X: A level at which a large crack occurs and the specimen is broken.

Example 1
After 100 parts by mass of the ethylene-vinyl acetate copolymer (EVA), magnesium hydroxide and an antioxidant were uniformly blended with a Henschel mixer at the blending ratio shown in Table 1, the small size was obtained according to the method for preparing the sample. 160 ° C x nitrogen atmosphere x 10 minutes using a pressure kneader, melt-kneaded for 10 minutes, pelletize, and then press sheet (160 ° C x preheating 5 minutes x pressure 5 minutes x cooling 5 minutes) did. Table 1 shows various physical properties of the obtained heat-dissipating resin composition.

(Example 2-7, comparative example)
In Example 1, the heat dissipation resin composition was obtained like Example 1 except having mix | blended the compounding ratio shown in Table 1 with the compounding ratio shown to each Example 2-7 of Table 1, and a comparative example. . Table 1 shows various physical properties of the obtained heat-dissipating resin composition.

Claims (6)

For 100 parts by weight of the ethylene copolymer resin (A), it belongs to 2 to 5 periods of the periodic table, and belongs to any of 2A group, 4A group, 7A group, 8 group, 2B group, 3B group. A resin composition containing 150 to 1,500 parts by weight of a heat conductive filler (B) made of a compound having at least one selected from elements, wherein the ethylene copolymer resin (A) is (A-1 -d) ethylene - (meth) ionomer over acrylic acid copolymer resin, heat dissipation resin characterized in that its thermal conductivity is at least 0.5W / K · M (ISO / CD22007-2 method) Composition.   The thermally conductive filler (B) is one or more fillers selected from (B-1) metal nitride compounds, (B-2) metal oxides, and (B-3) metal hydroxides.
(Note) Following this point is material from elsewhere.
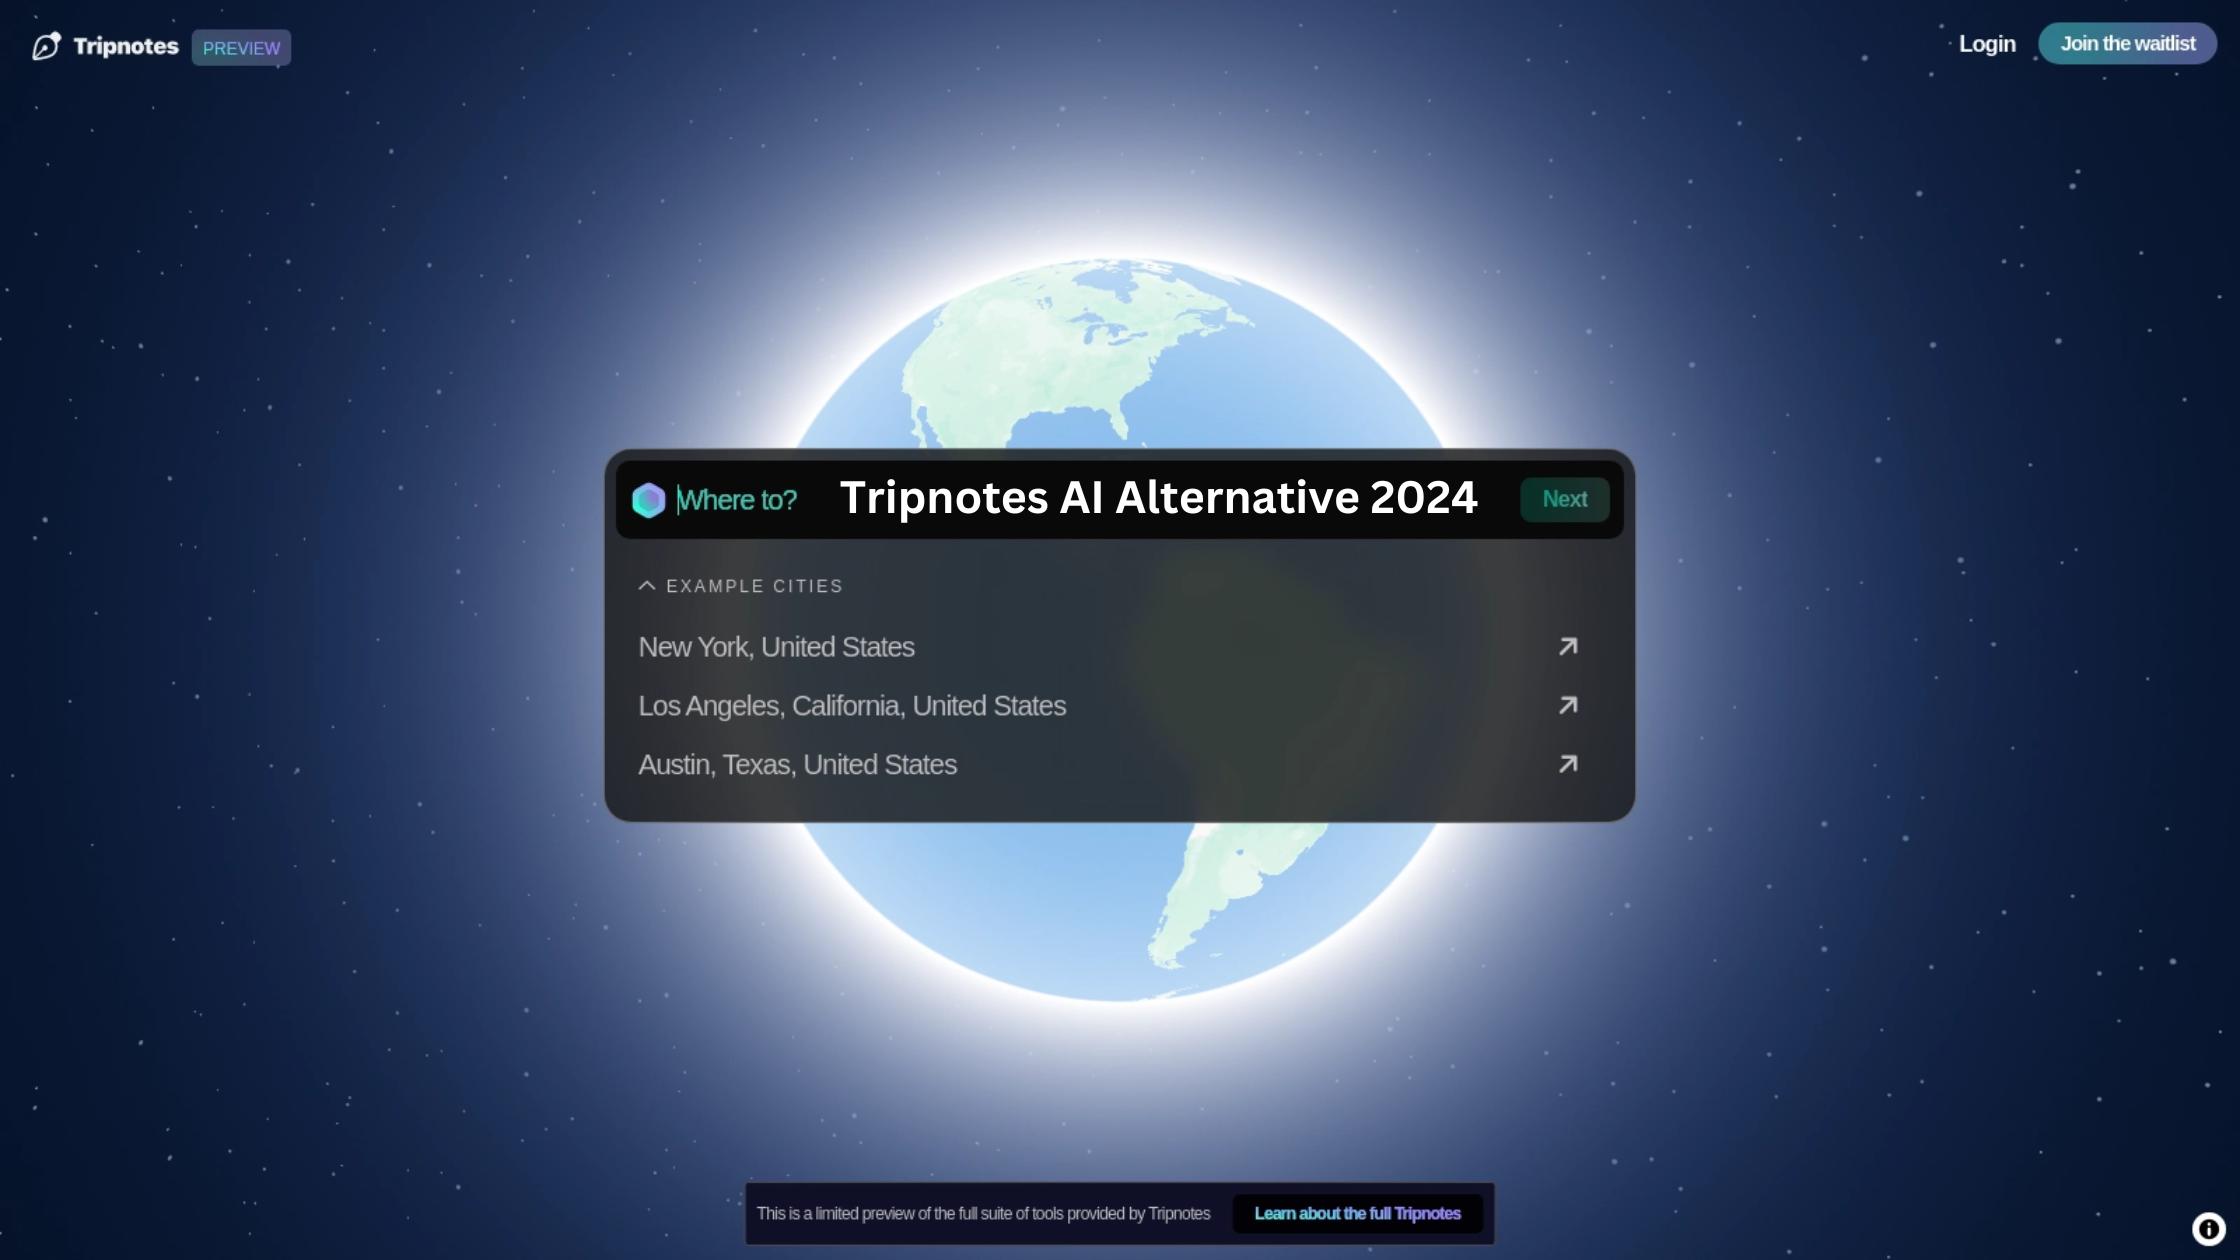 Tripnotes AI Alternative 2024

The heat-dissipating resin composition according to claim 1, wherein   The heat conductive resin composition according to claim 1 or 2, wherein the heat conductive filler (B) has an average particle diameter of 5 µm or less.   The heat dissipation resin composition according to any one of claims 1 to 3, wherein the heat dissipation resin composition has a thermal conductivity of at least 1.5 W / K / M (ISO / CD22007-2 method).   The heat-dissipating resin composition according to any one of claims 1 to 4, wherein the heat-dissipating resin composition can be adhered or thermally bonded to the metal plate.   A heat-dissipating sheet or molded product using the heat-dissipating resin composition according to claim 1.